Help kids with homework. Homework time can be a crazy time, but it’s a great chance to share your gifts. Offer your area of expertise to help tutor or support foster children. It’s also a great opportunity for your church’s high school or college students to get involved (and may meet requirements for community service hours).
Offer program scholarships. Does your church have any children, youth or adult programs that require a fee to attend? Offer to waive that fee for foster children and parents. Many of these families struggle financially with the additional responsibility of caring for an extra child or children. Before making these promises, though, simply check with someone in charge and ask if they could budget in a few scholarships for foster families in your congregation.
Ask how you can pray specifically. They may need you to pray for wisdom with a particular child, for help with toilet training, or for a visit with the biological mom. Follow up. Tell them when and how you are specifically praying for them. Share a Bible verse you are claiming for them.
Plan Playdates. Are you kids hitting the playground today? Text your foster family. Chances are they’d love to get out and spend time in the fresh air and sunshine.
Open your eyes to tangible and logistical needs. Foster parents are usually beyond busy adjusting to new family members and to the normal chaos of life. Pause and take a look at their day-to-day needs. They’ll more than appreciate friends who hire a student to rake their leaves or who stop by with Starbucks and a smile. It may not be glamorous to help load their dishwasher, but chances are it will really make their day.
Fold laundry. Yep. You read that right. We’ve all got mountains of it. And every single bit of it needs to be folded. They’ll love you forever if you help tackle that tower of towels.
Don’t accept “no” for an answer (within reason, of course). Try asking when you can help, not if you can help. It is so much easier to accept a blessing when the person on the other end of the phone has decided it is going to happen and the foster mom just has to figure out when it would be helpful.
Schedule lawn care or house cleaning. Keeping up with lawn care and house cleaning is another area that can be harder to juggle as they work through the new demands of fostering. Scheduling help in these areas isn’t just practical, it’s major encouragement.
Don’t forget them. After a while, things start to settle and life looks like it’s getting back to normal. But life doesn’t feel “normal” anymore for foster families. So check in. Call. Send a quick text. Follow up after that appointment, court date, or tough day. It means more than you know.
Organize meals. Getting supper ready is crazy enough during a regular family schedule. Adding fostering into the mix? Well, you get the idea. Round up a crew of volunteers who would be willing to drop off a meal for a week or so.
Respect their story. Sometimes it’s easy to put a nice, shiny gloss over a situation.
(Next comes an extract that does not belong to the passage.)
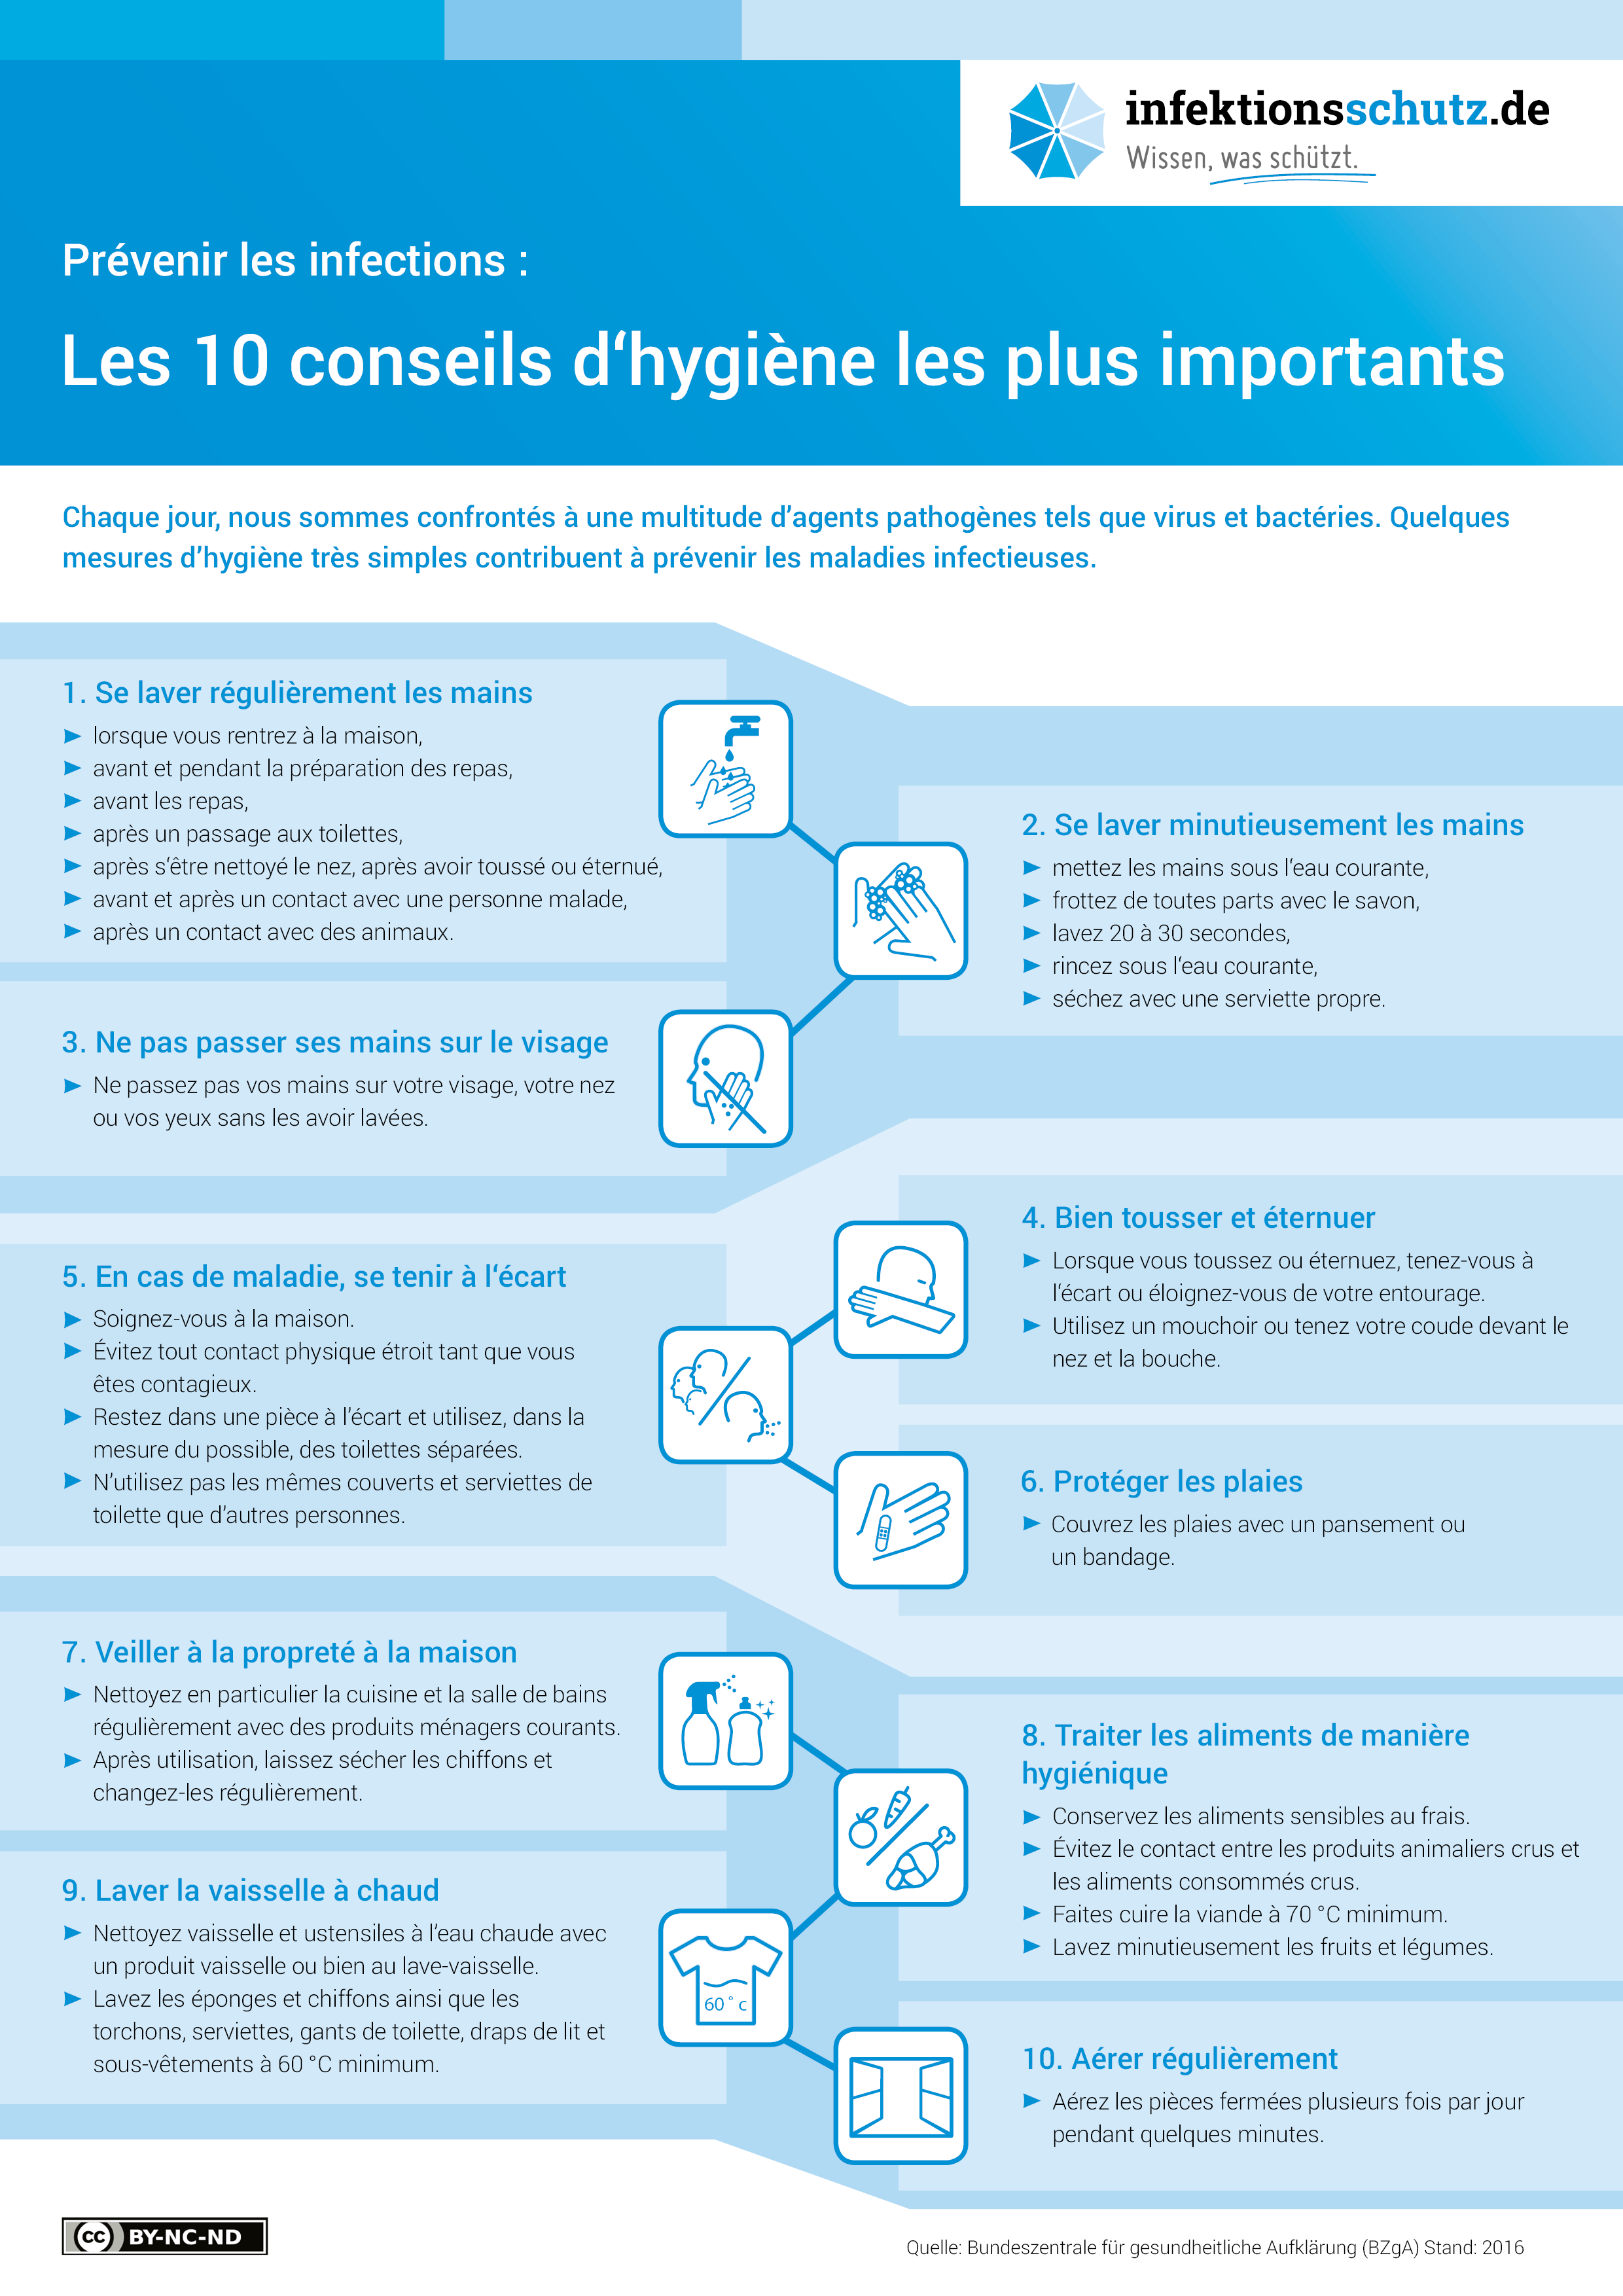 A4_Plakat_10_Hygienetipps_FR_300dpi_1.png

But those walking through fostering know it can be messy and difficult and hopeful and beautiful all at once. It always helps to have a friend who will show unwavering acceptance and love.
Deliver care packages. What could show your foster family you’re thinking of them and praying for them? A tray of sweets? A basket of small treats and toys? Some games for the whole family? Whatever it is you’d think they like, a care package can be a great way to let them know they’re not forgotten.
Listen. Don’t give advice. Don’t get judgemental. Don’t interrupt. Do what so many people have such a hard time doing — just listen. Plenty of foster parents need someone to give them space to talk through everything they’re thinking and feeling.
Celebrate. Life includes plenty of tough times. So, when the good moments happen we should definitely celebrate. This especially true for foster families. Their work is a labor of love. Help them celebrate the milestones, big and small, they achieve with their foster children.